159. In addition to feeding the rating agencies bad loan data, Deutsche Bank pressured rating agencies into assigning ratings that Deutsche Bank knew were inflated. For example, in a March 2007 email, obtained by Senate investigators, a Moody’s analyst complained to a

colleague that after Moody’s suggested certain downward rating adjustments for a particular RMBS, a Deutsche Bank investment banker “push[ed] back dearly saying that the deal has been marketed already and that we [Moody’s] came back ‘too late’ with this discovery.” According to the analyst, the investment banker further argued that it was “hard” for Deutsche Bank to

“change the structure at this point,” effectively conceding that the rating assigned to the RMBS would not reflect the actual likelihood of default. Levin-Coburn Report at 280, fn. 1082.

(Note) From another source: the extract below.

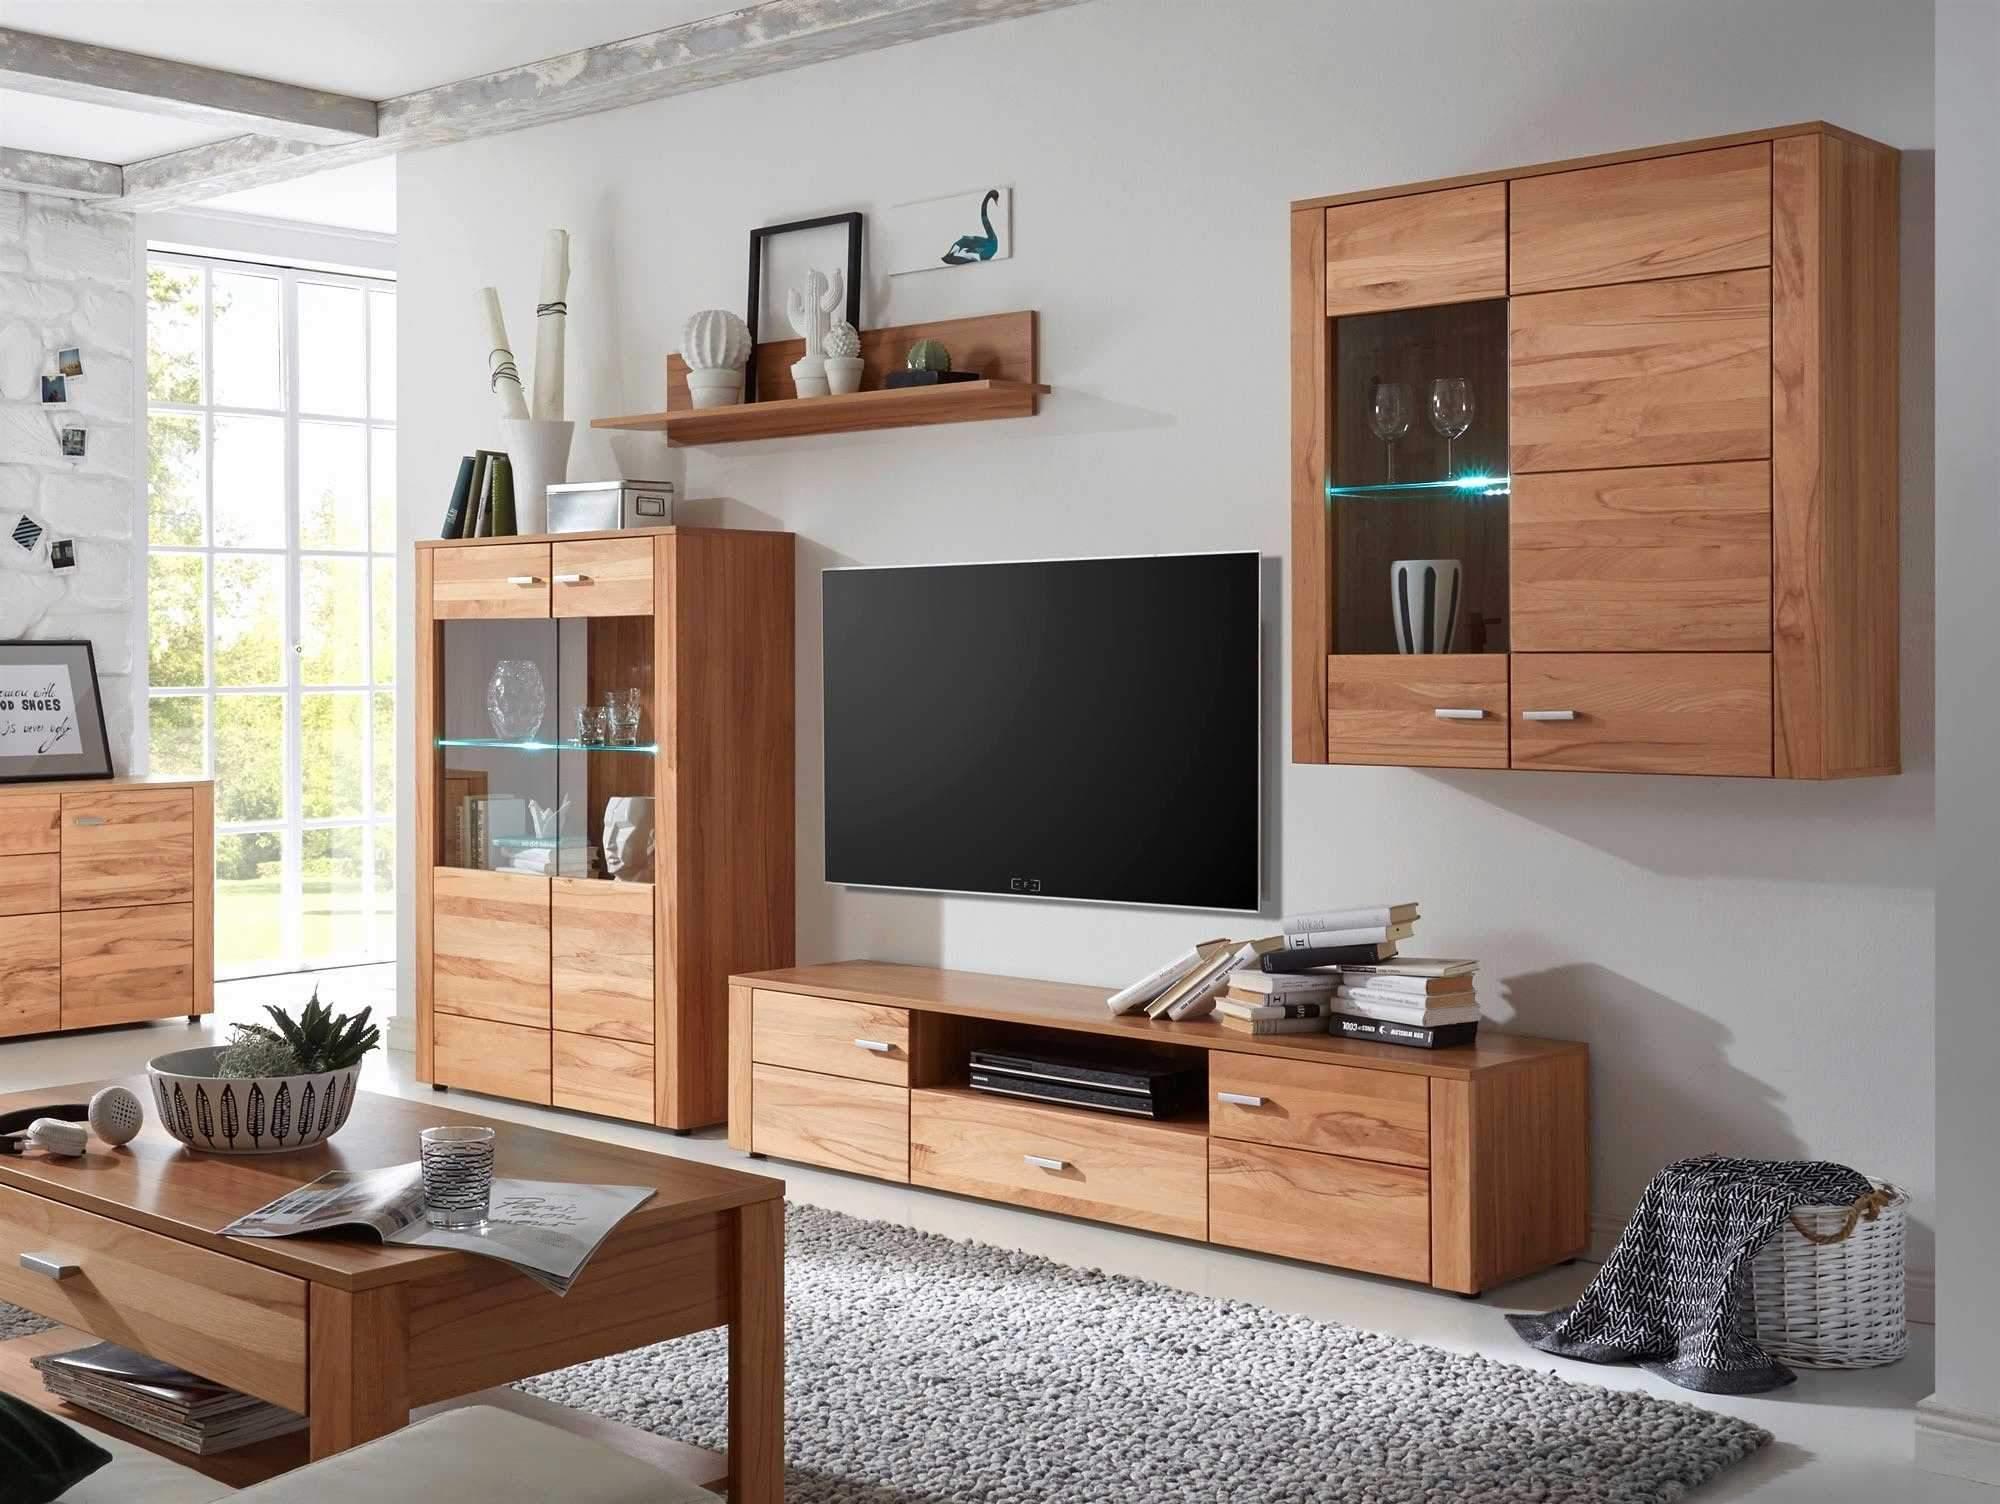 Full Size of Wohnzimmer Bücherregal Elegant Neu Wohnzimmer Schrankwand Weiß Wohnzimmer Wohnzimmer Schrankwand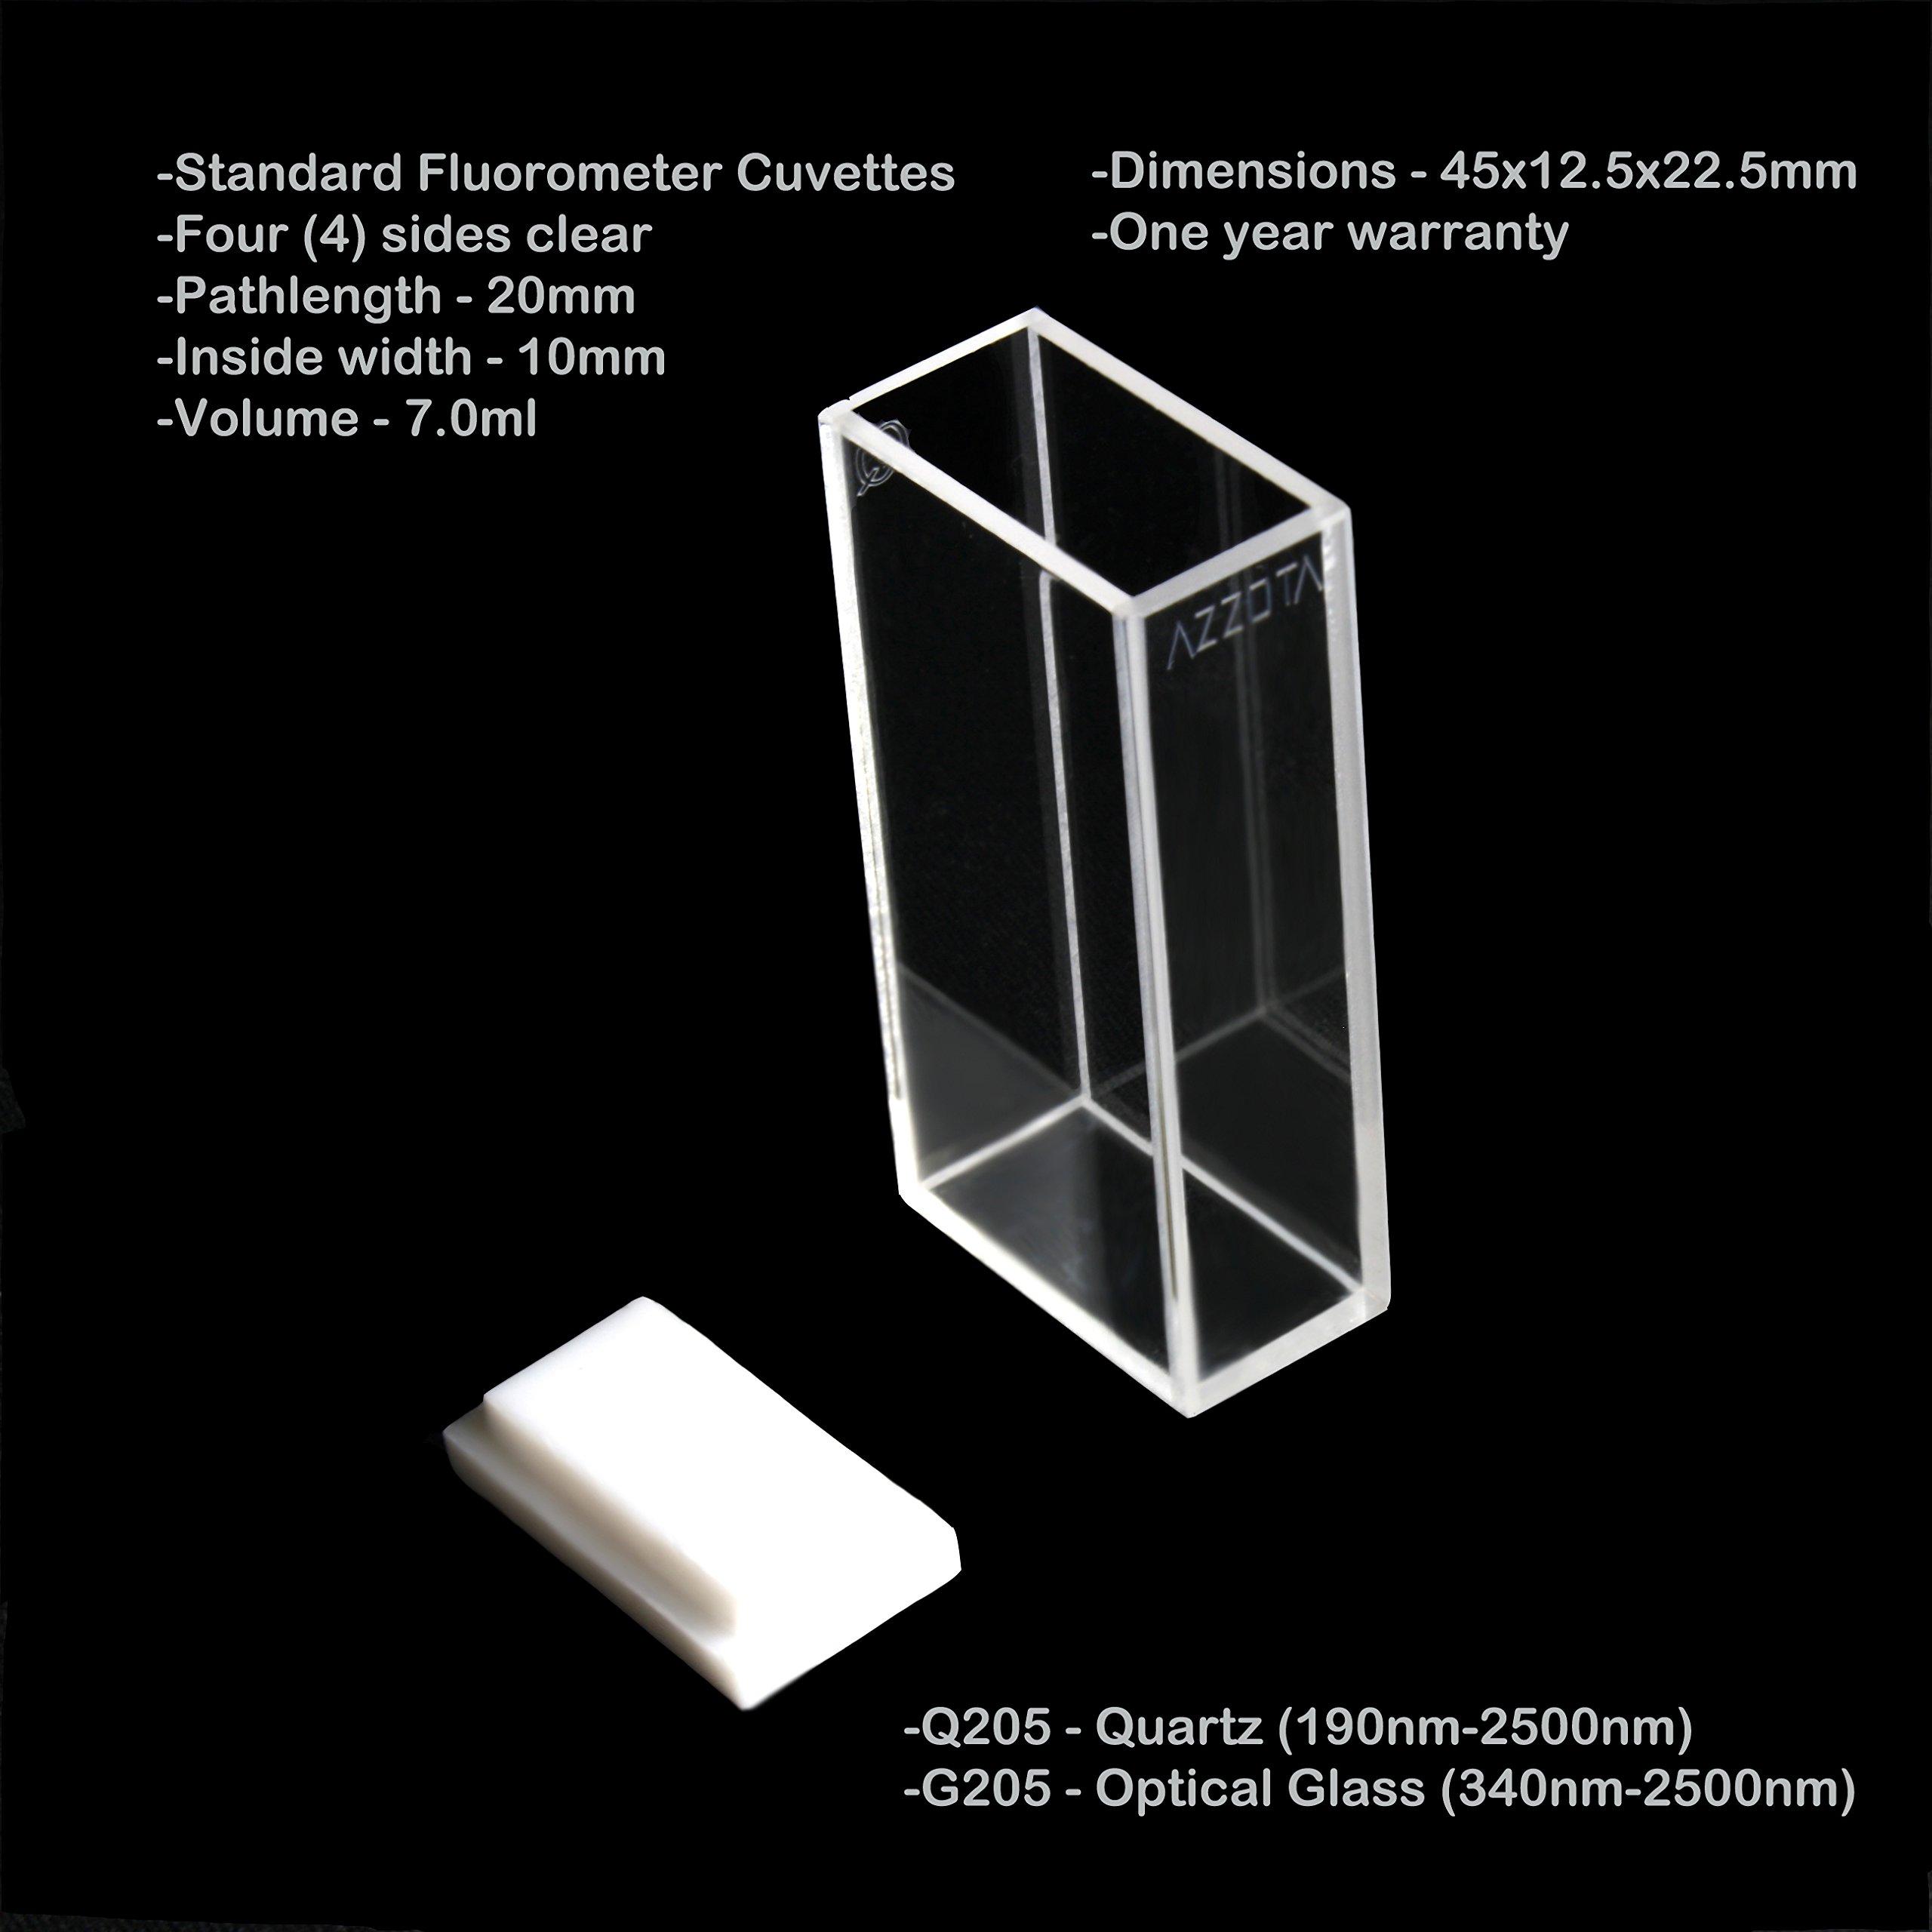 20mm Pathlength Standard Fluorometer Cuvettes - 7ml Quartz

160. In another instance, a Deutsche Bank banker expressly encouraged an analyst at Moody’s to focus on short term profits at the expense of rating accuracy. The Former Senior Vice President and Senior Credit Officer at Moody’s, Richard Michalek, testified to the Senate Permanent Subcommittee on Investigations that a Deutsche Bank investment banker once told Michalek: ‘‘I’ll be gone, you’ll be gone. So why are you making life difficult right now over this particular comment?’’ According to Michalek, the comment exemplified “short-term thinking” on the part the investment banks: “Short term, get this deal done, get this quarter closed, get this bonus booked, because I do not know whether or not my group is going to be here at the end of next quarter, so I have to think of this next bonus.” Transcript of Testimony of Richard

Michalek before the Senate Permanent Subcommittee on Investigations, April 23, 2010, Vol. 3 at 44.